Question

Six moles of an ideal gas are in a cylinder fitted at one end with a movable piston. The initial temperature of the gas is 27.0°C and the pressure is constant. As part of a machine design project, calculate the final temperature of the gas after it has done 2.40 x 10³ J of work.

Short answer

The final temperature of the gas is$75.1C°$ , after it has done $2.40\times {10}^{3}J$of work.

Step-by-step solution

Work done by gas on a piston

Here, the work is done by the gas on the piston, hence the work done is positive. This work at constant pressure could be expressed by the:

$W=p\left(V_2-V_1\right)$………………. (i)

$W=P∆V$…………………. (ii)

Calculate the Temperature

Given,

Moles n = 6

Initial Temperature$T_1=27C°$

To calculate temperature T , we will use the ideal gas law.

$PV=nRT$

$V=\frac{nRT}{P}$………………. (iii)

Here, P is pressure, V is volume, n is the number of moles, R is the gas constant or 8.314J/mol.K

Now from equation ii we have seen that when the in temperature and volume change the formula will become

$∆V=\frac{nR∆T}{p}$

here,$\frac{nR}{T}$is constant, hence we can substitute the value$∆V$in equation (i).

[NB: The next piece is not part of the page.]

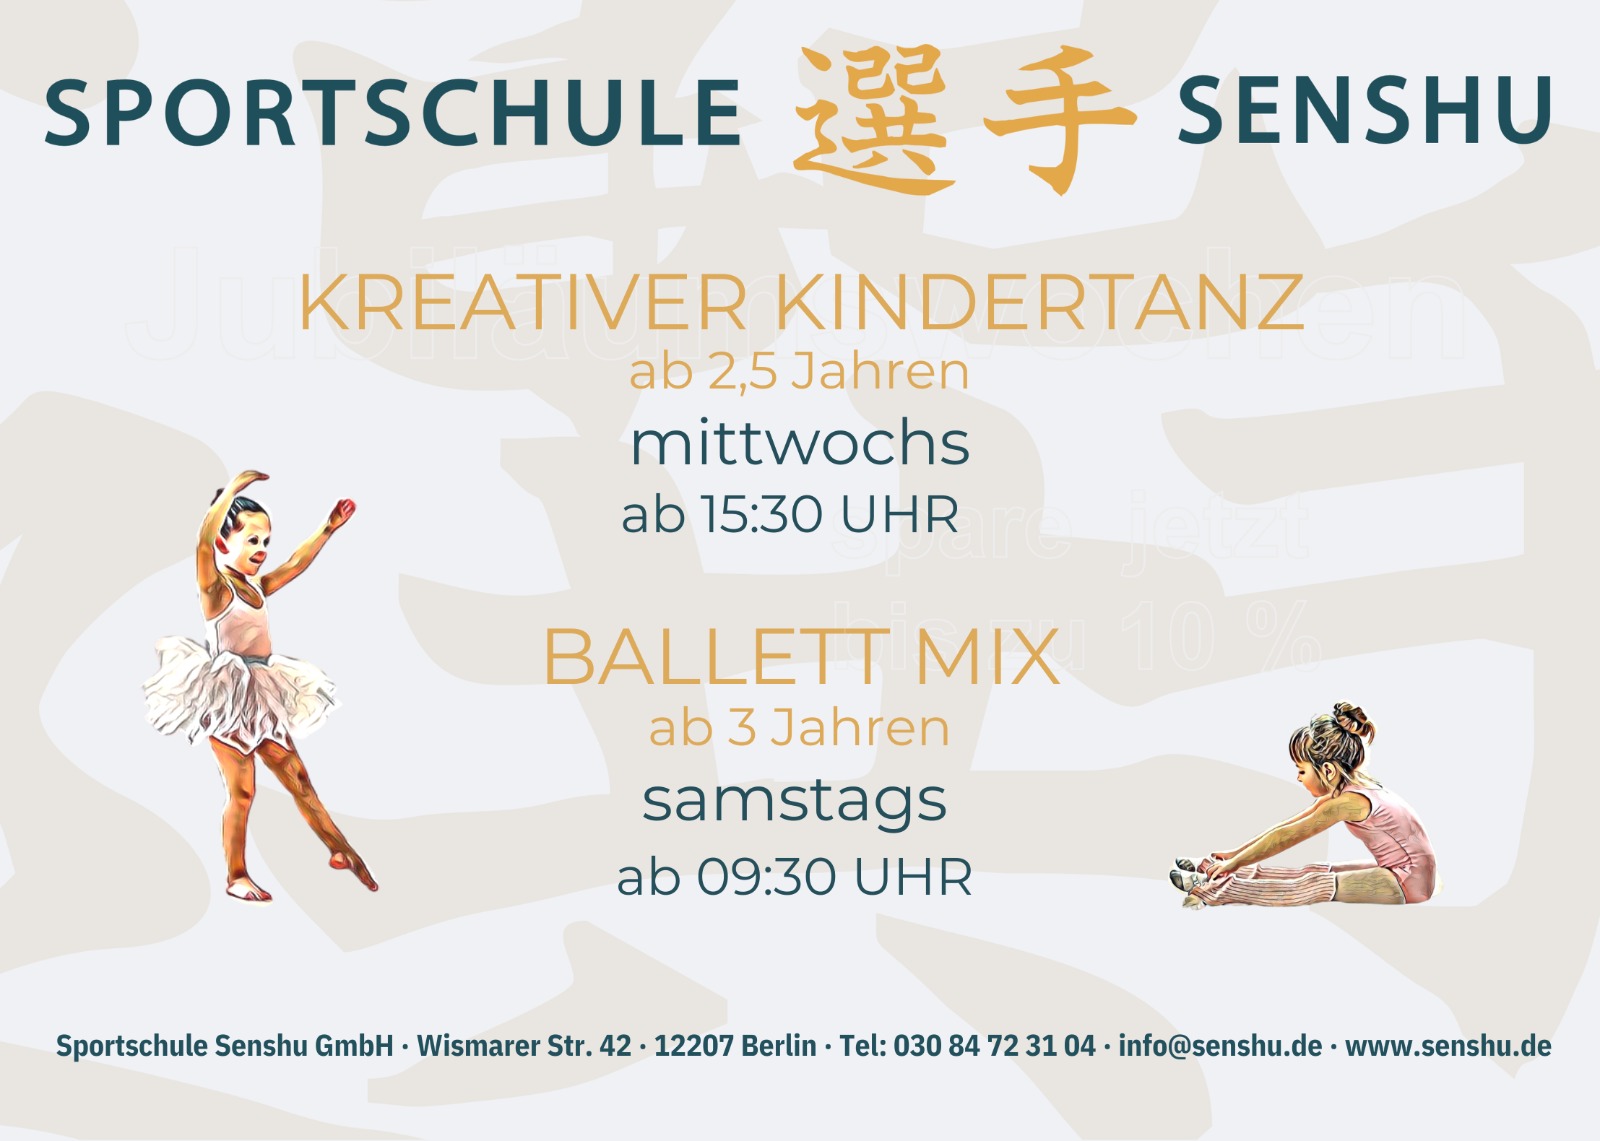 Senshu Angebot: Kreativer Kindertanz & Ballett Mix

Now, equation (i) becomes:$W=p∆V$

$$\begin{gathered} W=\frac{p\times nR∆T}{p} \\ W=nR\left[T_2-T_1\right] \end{gathered}$$

now by substituting the values of n,R,$T_1$ is equation (iii), for $T_2$we get.

$$\begin{gathered} T_2=\frac{T_1+W}{nR} \\ =27C°+2.4*{10}^{3}J/mol.K \\ =75.1C° \end{gathered}$$

Therefore, the final temperature of the gas is$75.1C°$